Medical Student Response to Ferguson: Committing to Action and Calling for Change

  • by: Ezekiel Richardson
  • recipient: Elements of the Medical Establishment Including but not limited to the American Medical Association, American Academy of Pediatrics, American Academy of Emergency Medicine, The Perelman School of Medicine Associated Physicians and Our Colleagues Across t

The following is a statement to be signed by medical students and physicians in response to the recent epidemic of violence evidenced by recent incidents in Ferguson and New York. It has been authored by Medical Students from the University of Pennsylvania, but may be signed by any medical student or physician that finds it appropriate. 

We ask that you use your medical email address if possible so that we may have count of the amount of medical professionals.

To Whom It May Concern,

As medical students and physicians, we and our colleagues across the nation are dedicated to the health and well-being of our communities. During our matriculation and graduation from medical school, we recited an oath to “practice our art in uprightness and honor” and “hold ourselves aloof from wrong and from corruption,” but as the events in Ferguson reverberate, our declaration, this oath, rings hollow.

The murder of Michael Brown is one of the latest cases in an epidemic of police brutality perpetrated against communities of color across our nation. At last count, Black youth between the ages of 15 and 19 were 21 times more likely to die at the hands of police than their white counterparts. Communities of color are under additional assault from racially biased laws, policing, and judicial systems that have resulted in incarceration rates that are unprecedented in world history. As the United States wrestles with a dark legacy of state-supported violence in Black, Latino, and Native American communities, physicians and students have a responsibility to make ourselves heard.

Physicians are well-aware that it is impossible to address individual health without simultaneously addressing societal health. For example, the American Academy of Pediatrics supports funding for literacy initiatives, while the American Academy of Family Physicians offers opinions on the allocation of federal agriculture spending and nutrition. Now, as an increasingly militarized police force and a prejudicial legal system threaten the lives of people of color, where is our voice?

Many of this nation’s greatest academic hospitals lie within a stone’s throw of communities where the citizenry suffer routine harassment, assault, and murder at the hands of police, and where large segments of the population are deprived of their freedom and rights by disproportionate incarceration. When our nation’s most powerful medical institutions fail to confront the dire effects of police brutality and mass incarceration on the lives and livelihoods of Black communities, we become complicit in perpetuating this violence.

Confronting systemic racism and its effects is challenging, but that is no excuse for inaction. We propose the following steps to begin to counter and eliminate systemic racism: First, we call for expansion of funding to analyze and eliminate both unconscious racial bias in medical decision-making and structural disparities in access to medical care.
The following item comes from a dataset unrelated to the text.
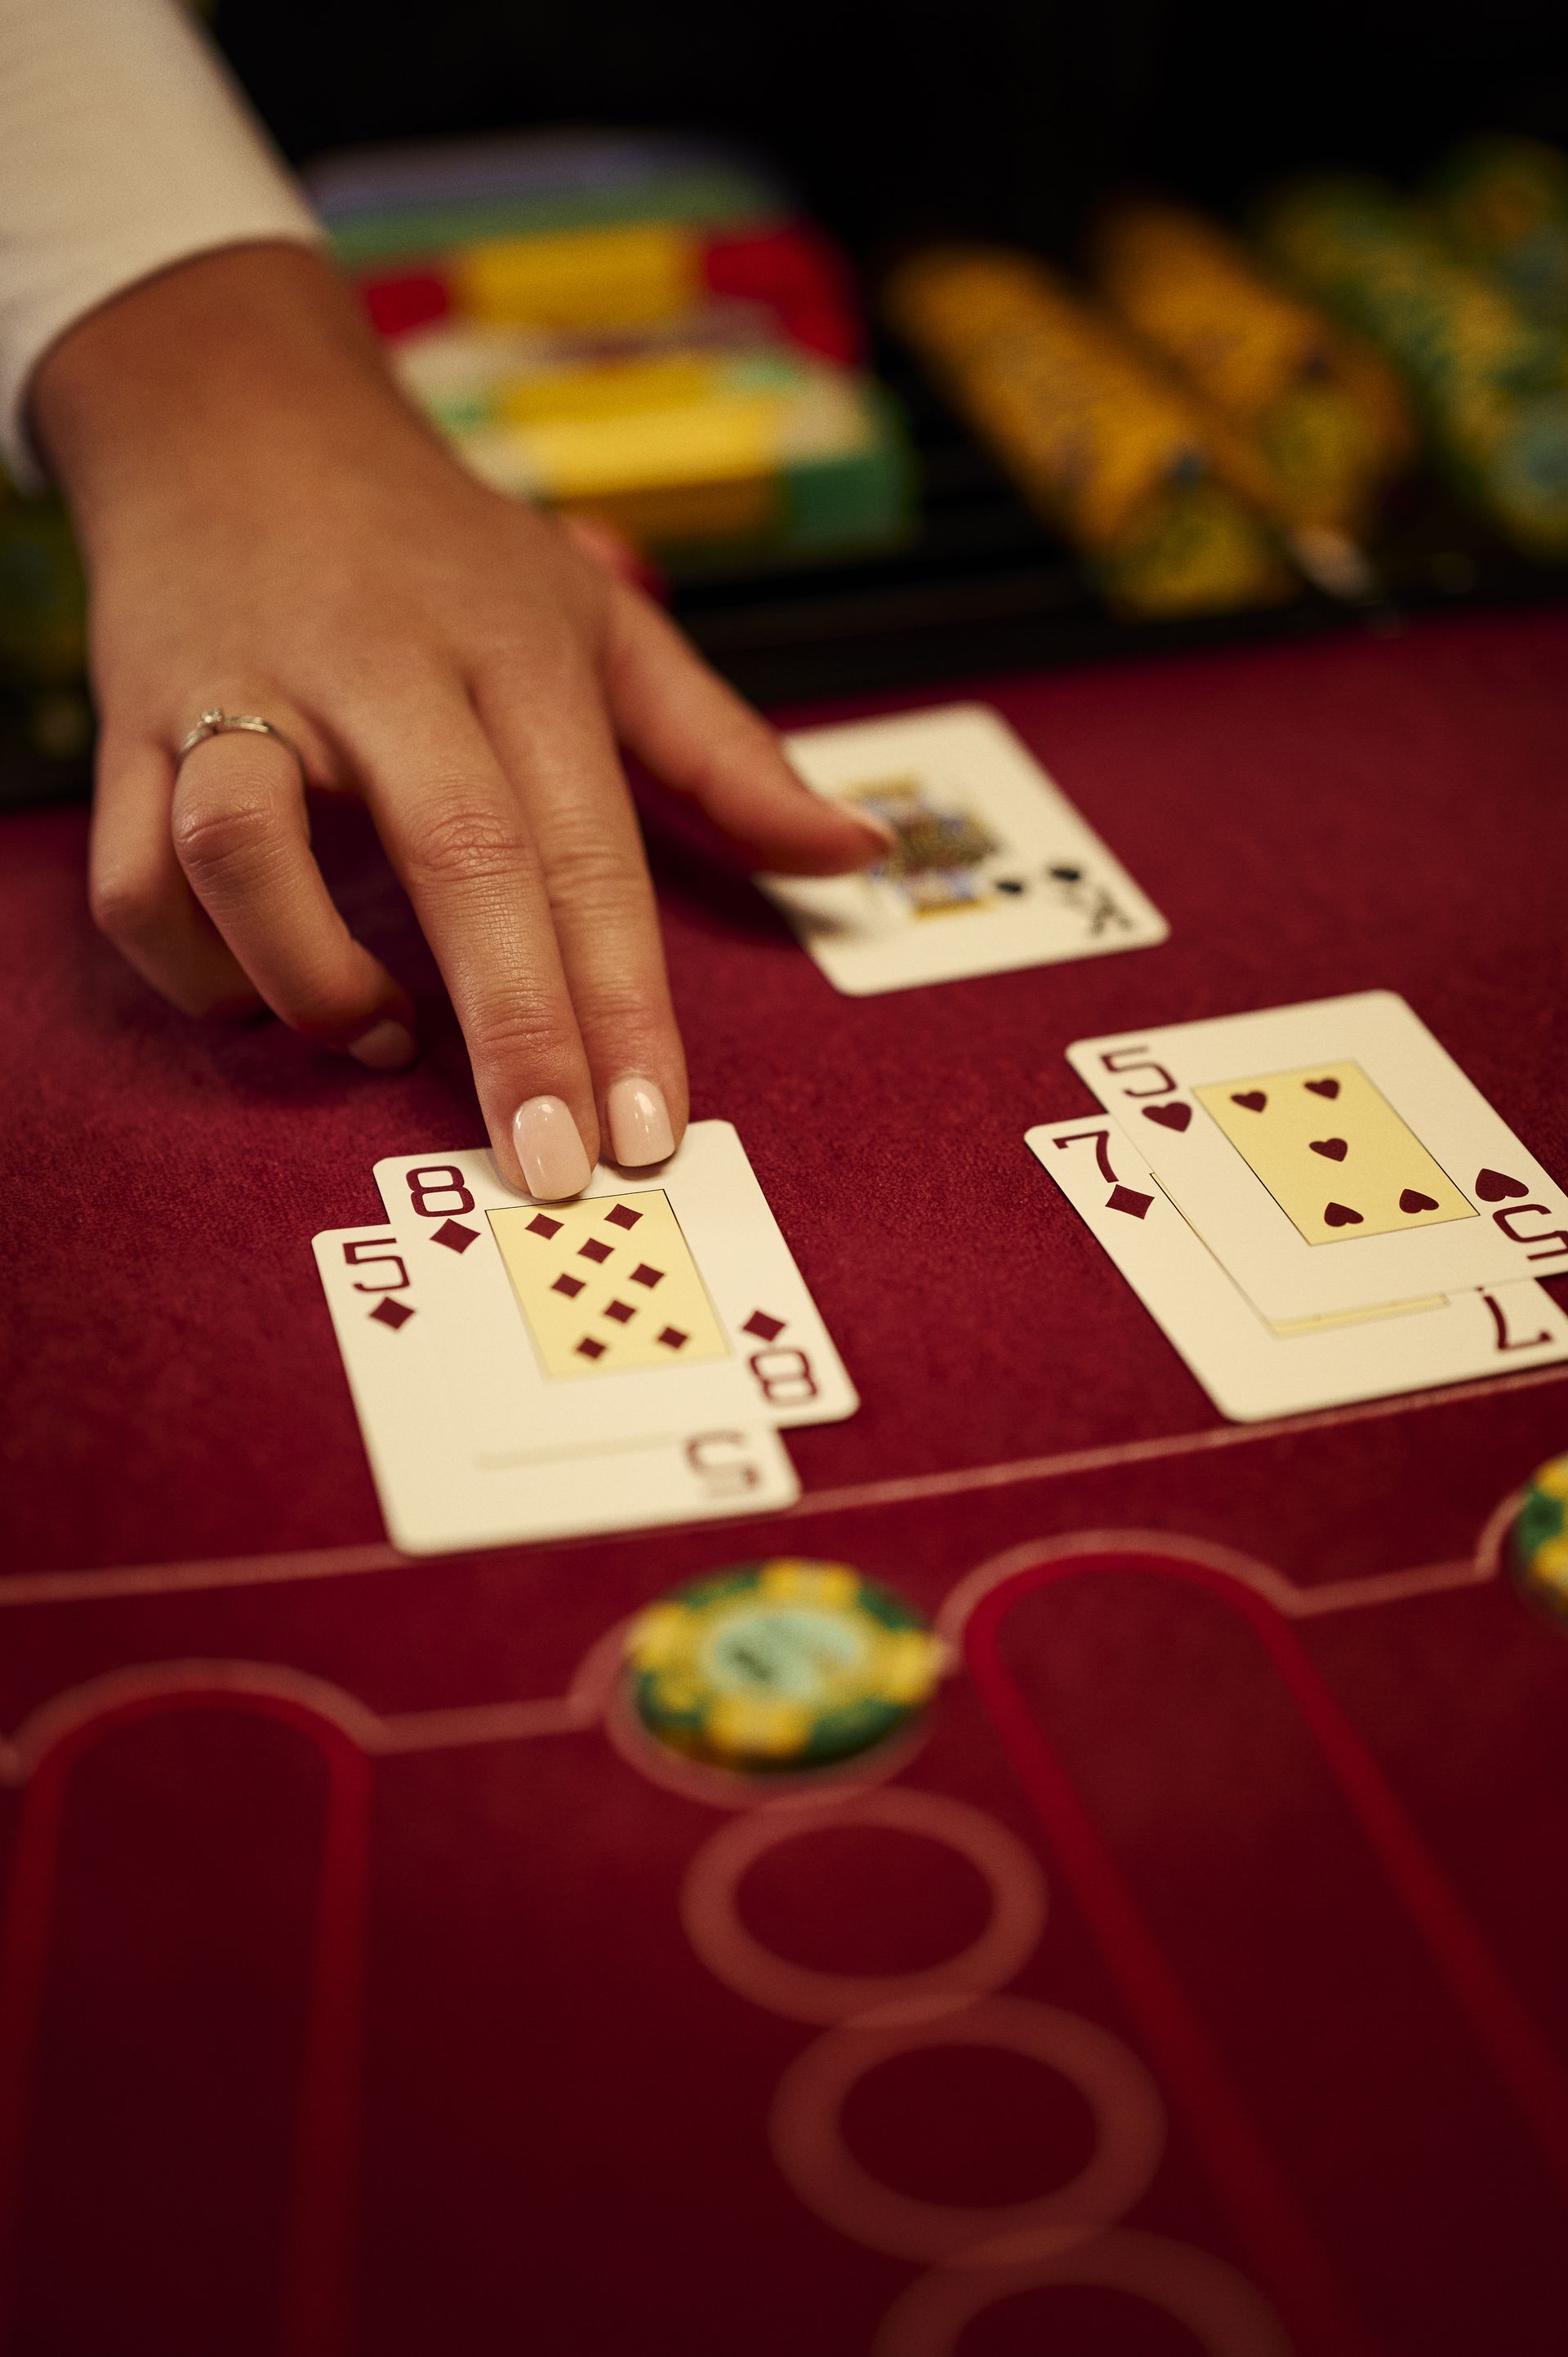 holland-casino-blackjack-close-up-hand-croupier-met-speelkaarten-set-vijf-en-acht-en-set-zeven-en-vijf

Second, we call for pediatricians and emergency room physicians in particular to speak and act against the effects of racism, violence, and police brutality in communities of color. Environmental threats like guns in the home and bullying at school are among the concerns of pediatricians, but in response to the threat of police brutality and criminalization, pediatricians are deafeningly silent. Likewise, emergency room physicians are often the first point of contact between victims of police brutality and the medical system, but in the midst of an epidemic of violence, they have taken no organized action. Though emergency room physicians and pediatricians are on the front lines of this epidemic, physicians of all specialties and fields must play a role in disrupting violence against communities of color. Finally, we call for the medical establishment to condemn the “vascular hold” as a police tactic. In the recent death of Eric Garner, the officer may have attempted a non-lethal “vascular hold” that shifted into a lethal “choke hold” resulting in Mr. Garner’s death. A “non-lethal” technique that carries significant risk of death for the citizens that officers are sworn to “protect and serve” has no place within any officer’s arsenal.
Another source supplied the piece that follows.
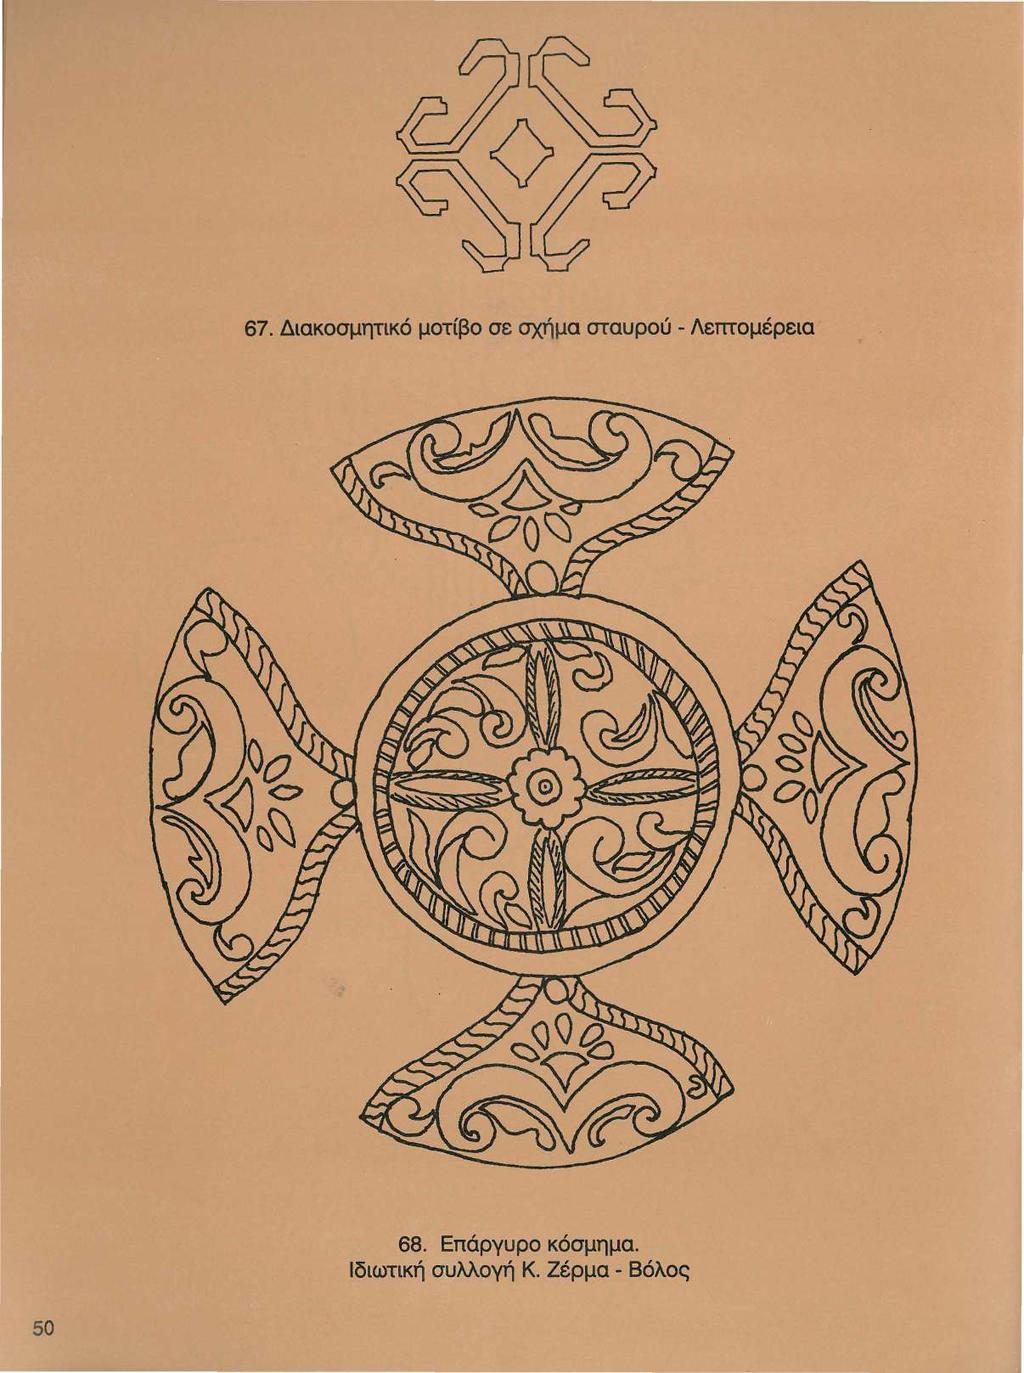 67. Διακοσμητικό μοτίβο σε σχήμα σταυρού - Λεπτομέρεια

The actions above are only first steps in the work of dismantling the effects of racism on medical practice and within communities of color. We refuse to watch quietly as our profession’s dedication to the preservation of human life is desecrated. We call on all American medical institutions and professional associations to publicly condemn racism, police brutality, and mass incarceration. Until we speak out against violence against communities of color, our silence speaks for us.